Showing 891-900 of 2529 results
Cardona LabTruman LabFetter Lab
10/21/15 | Even-Skipped(+) interneurons are core components of a sensorimotor circuit that maintains left-right symmetric muscle contraction amplitude.
Heckscher ES, Zarin AA, Faumont S, Clark MQ, Manning L, Fushiki A, Schneider-Mizell CM, Fetter RD, Truman JW, Zwart MF, Landgraf M, Cardona A, Lockery SR, Doe CQ
Neuron. 2015 Oct 21;88(2):314-29. doi: 10.1016/j.neuron.2015.09.009

Bilaterally symmetric motor patterns-those in which left-right pairs of muscles contract synchronously and with equal amplitude (such as breathing, smiling, whisking, and locomotion)-are widespread throughout the animal kingdom. Yet, surprisingly little is known about the underlying neural circuits. We performed a thermogenetic screen to identify neurons required for bilaterally symmetric locomotion in Drosophila larvae and identified the evolutionarily conserved Even-skipped(+) interneurons (Eve/Evx). Activation or ablation of Eve(+) interneurons disrupted bilaterally symmetric muscle contraction amplitude, without affecting the timing of motor output.
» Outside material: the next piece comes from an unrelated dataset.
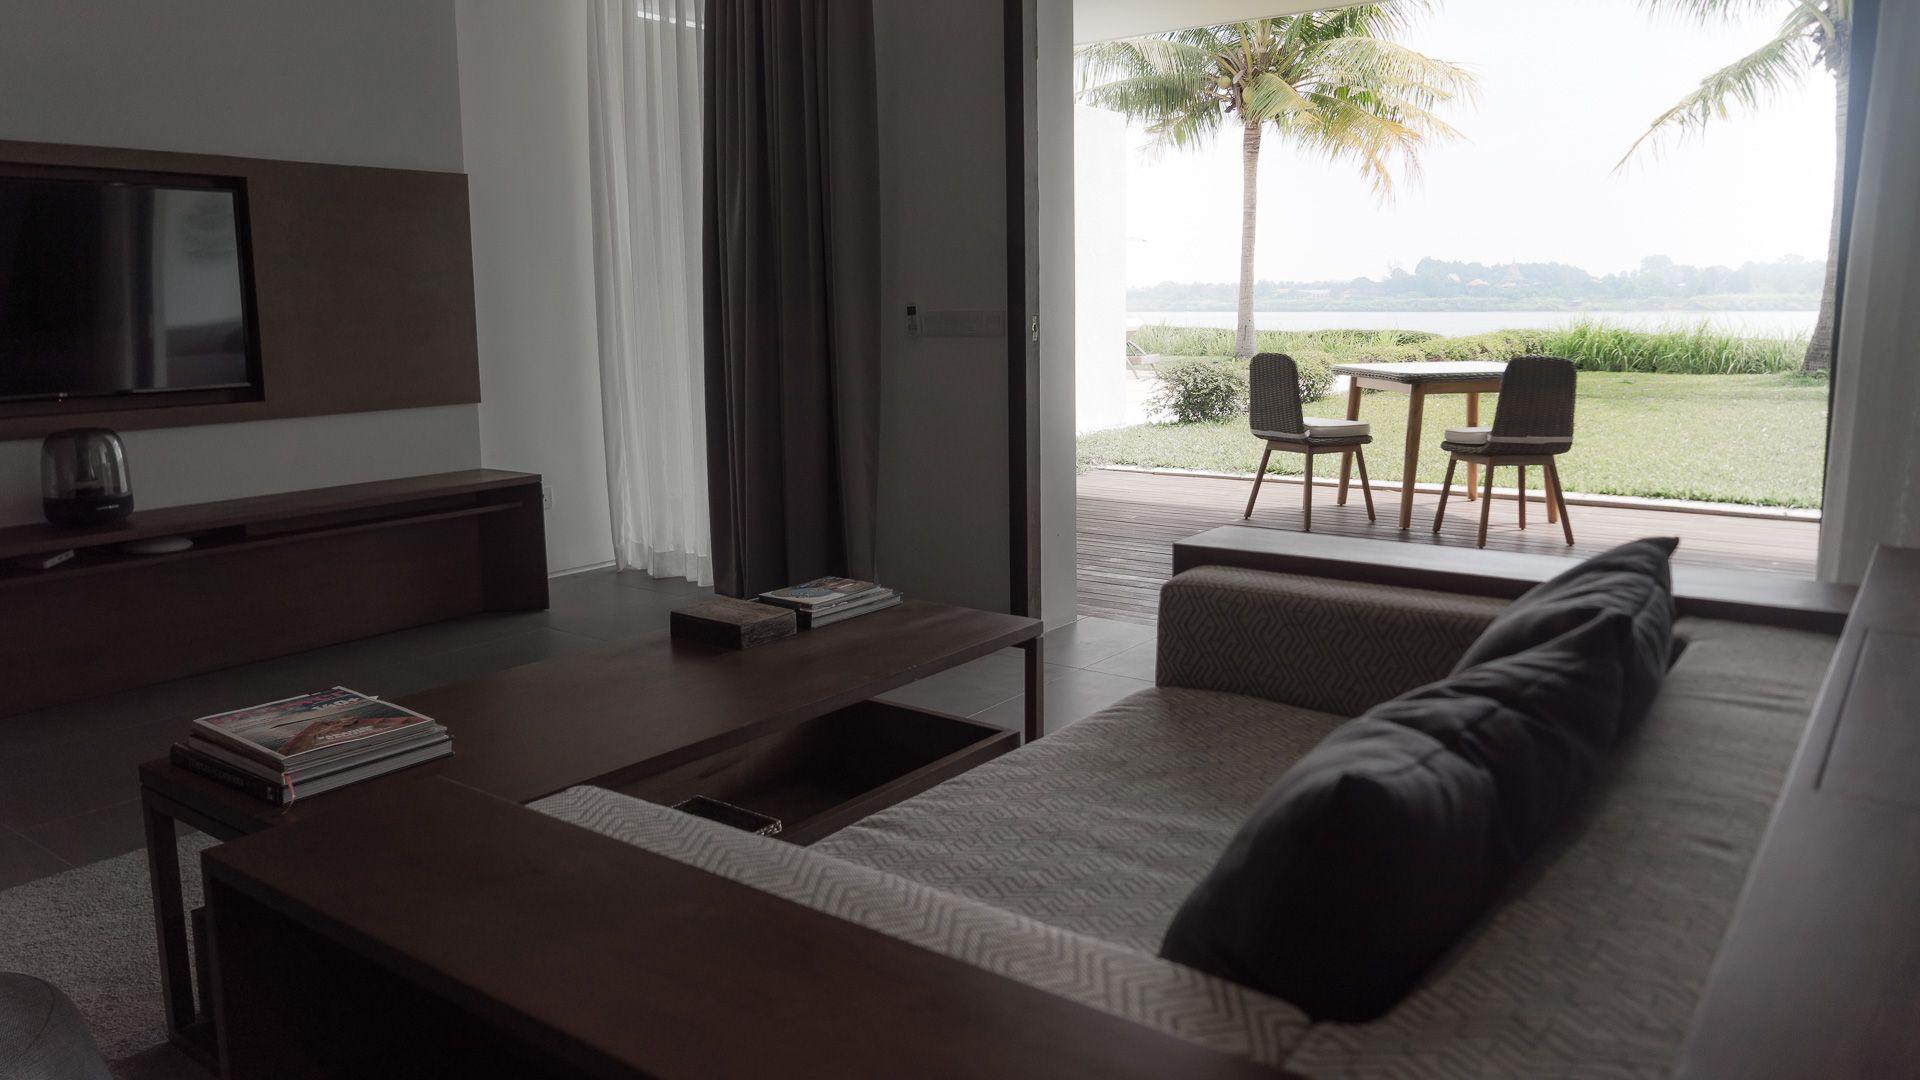 Lesvoyageuses-voyage-Phnom-Penh-cambodge-hotel-the-bale-experience-23

Eve(+) interneurons are not rhythmically active and thus function independently of the locomotor CPG. GCaMP6 calcium imaging of Eve(+) interneurons in freely moving larvae showed left-right asymmetric activation that correlated with larval behavior. TEM reconstruction of Eve(+) interneuron inputs and outputs showed that the Eve(+) interneurons are at the core of a sensorimotor circuit capable of detecting and modifying body wall muscle contraction.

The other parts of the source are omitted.